What Are the Signs of Skin Picking Disorder?
It's hard to say exactly when skin picking changes from a mild, nervous habit to a serious problem that needs treatment. It may help to ask the following questions:
- Does picking at your skin take up a lot of time during the day?
- Do you have noticeable scars from skin picking?
- Do you feel upset when you think about how much you pick your skin?
- Does picking at your skin get in the way of your social or professional life? For example, do you avoid the beach or the gym because people might see your scars? Or do you spend a lot of time covering up sores before work or social events?
How Does Skin Picking Disorder Develop?
Skin picking disorder happens in both children and adults. It can begin at almost any age.

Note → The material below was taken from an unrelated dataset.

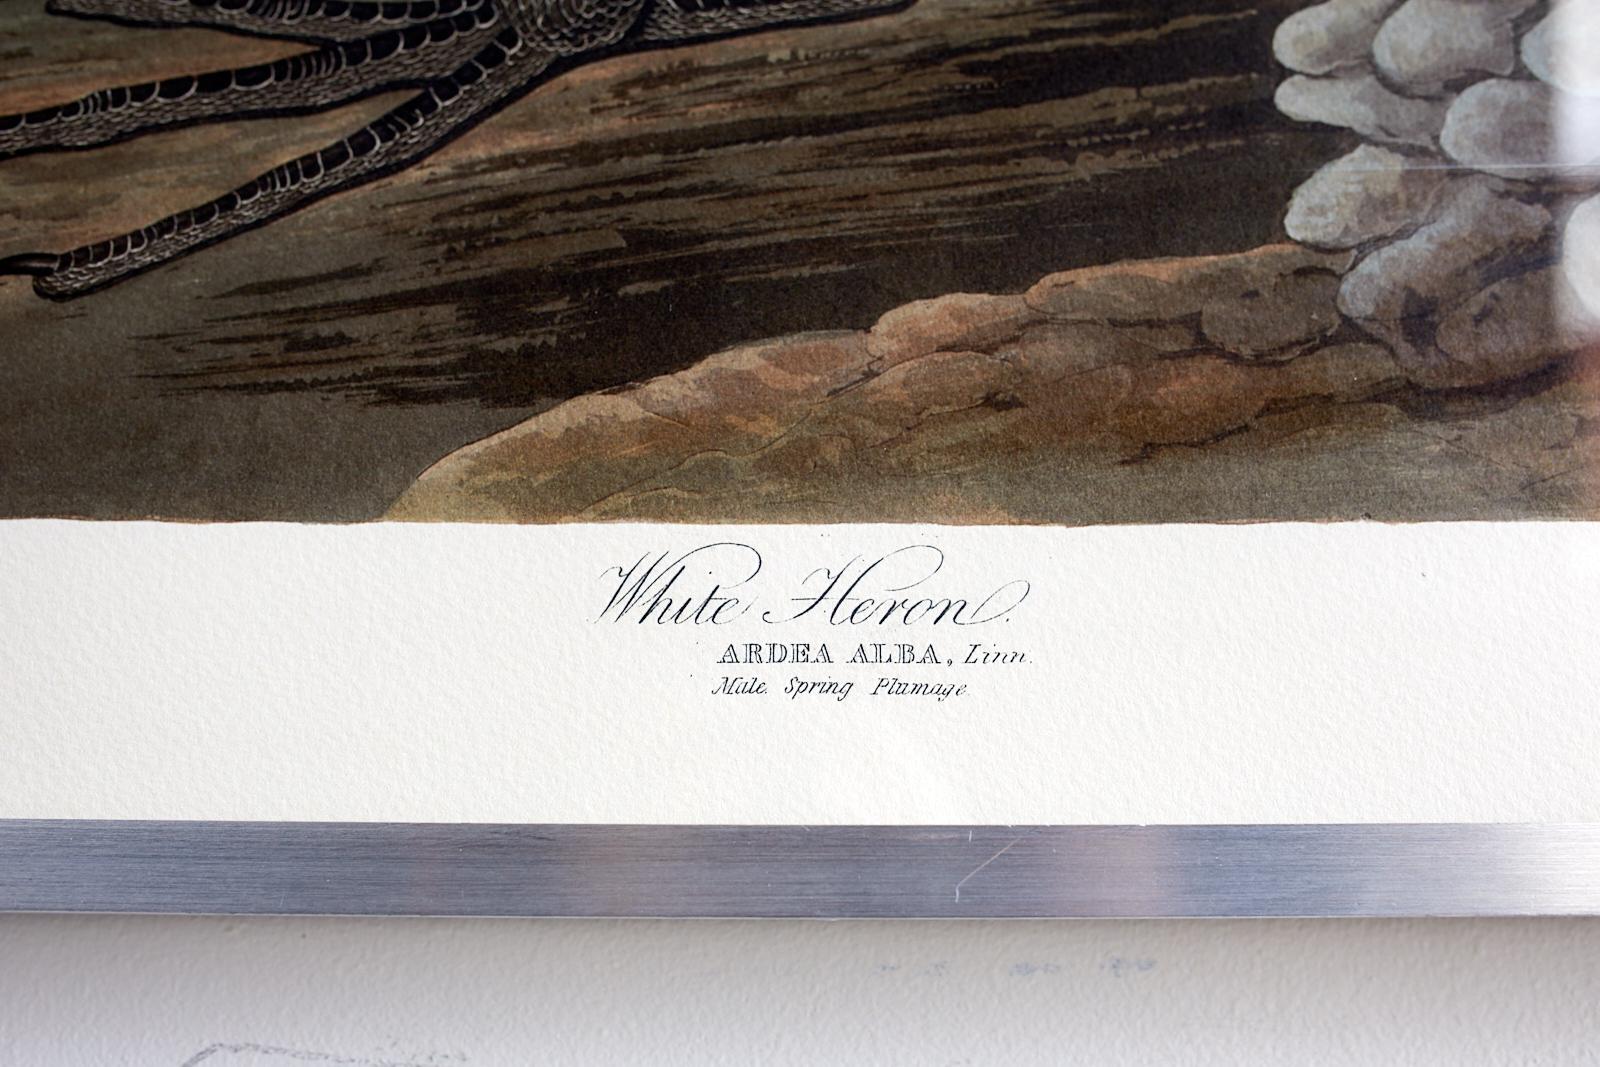 Steel Audubon White Heron Plate #386 Havell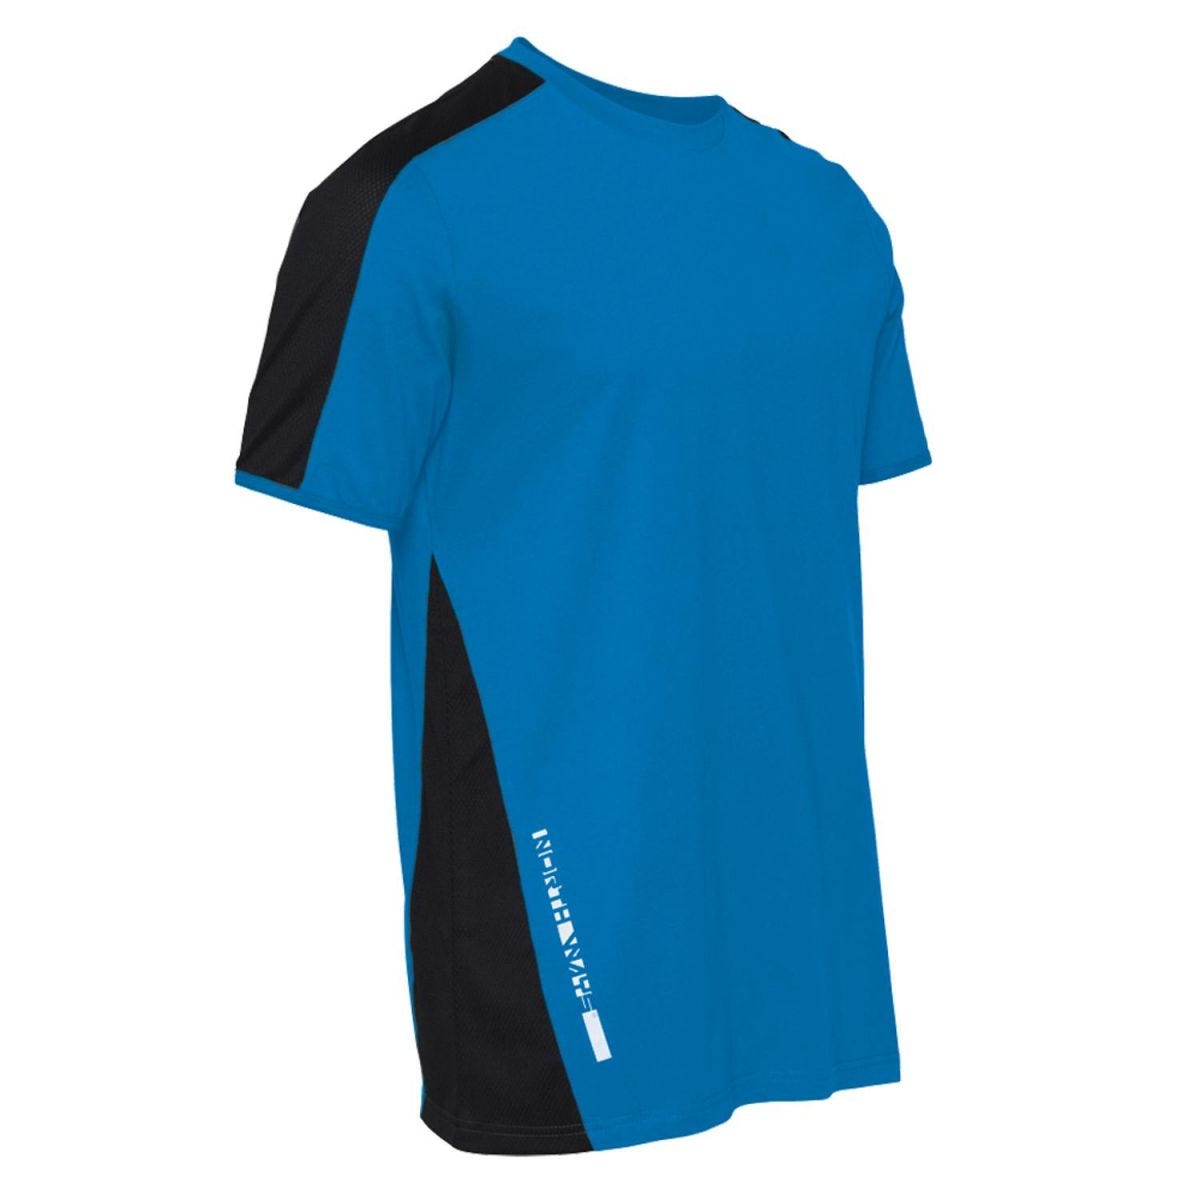 Tee-shirt à manches courtes pour homme Andy bleu - North Ways - Taille 2XL 2

Skin picking disorder often develops in one of two ways:
After some kind of rash, skin infection, or small injury. You may pick at the scab or rash, which causes more injury to the skin and keeps the wound from healing. More itching leads to more picking and more scabbing, and the cycle continues.
During a time of stress. You may absently pick at a scab or the skin around your nails and find that the repetitive action helps to relieve stress. It then becomes a habit.
Skin picking disorder is considered a type of repetitive "self-grooming" behavior called "Body-Focused Repetitive Behavior" (BFRB). Other types of BFRBs include pulling or picking of the hair or nails that damages the body.
It is classified in the DSM-V (a compendium of psychiatric diagnoses) as a type of obsessive compulsive disorder because of the compulsive urge to perform repetitive behaviors.
Skin picking disorder is treated with therapy and medications.
There are two main kinds of therapy for skin picking:
Habit reversal training. The therapist helps you identify the situations, stresses, and other factors that trigger the skin picking. Then your therapist will help you find other things to do instead of skin picking, such as squeezing a rubber ball. This will help ease stress and occupy your hands.
Stimulus control. This therapy involves making changes to your environment to help curb skin picking. For example, you might try wearing gloves or Band-Aids to help prevent feeling the skin and getting the urge to pick. Or you might cover mirrors if seeing facial blemishes or pimples brings on picking behavior.
Some psychiatric medications are occasionally used to treat skin picking disorder, but none are FDA-approved or well-established for this purpose. SSRIs (selective serotonin reuptake inhibitors) such as Prozac are the best-studied class of medicines for skin picking.
Early studies also have begun to examine the possible value of some anticonvulsant medicines, such as Lamictal (lamotrigine) and some supplements such as N-acetyl cysteine. There have even been studies looking at naltrexone, an opioid blocking medication.
If you think you have skin picking disorder, it may be hard to find a doctor who is experienced with this kind of issue. The Trichotillomania Learning Center keeps a list of professionals who are trained in therapy for BFRBs. If there is no one on the list near you, you can also look for a therapist who treats obsessive-compulsive disorder. They are often trained in similar types of treatment.
It is also a good idea to see your primary care doctor or a dermatologist about any skin lesions, wounds, or scars caused by the repetitive picking.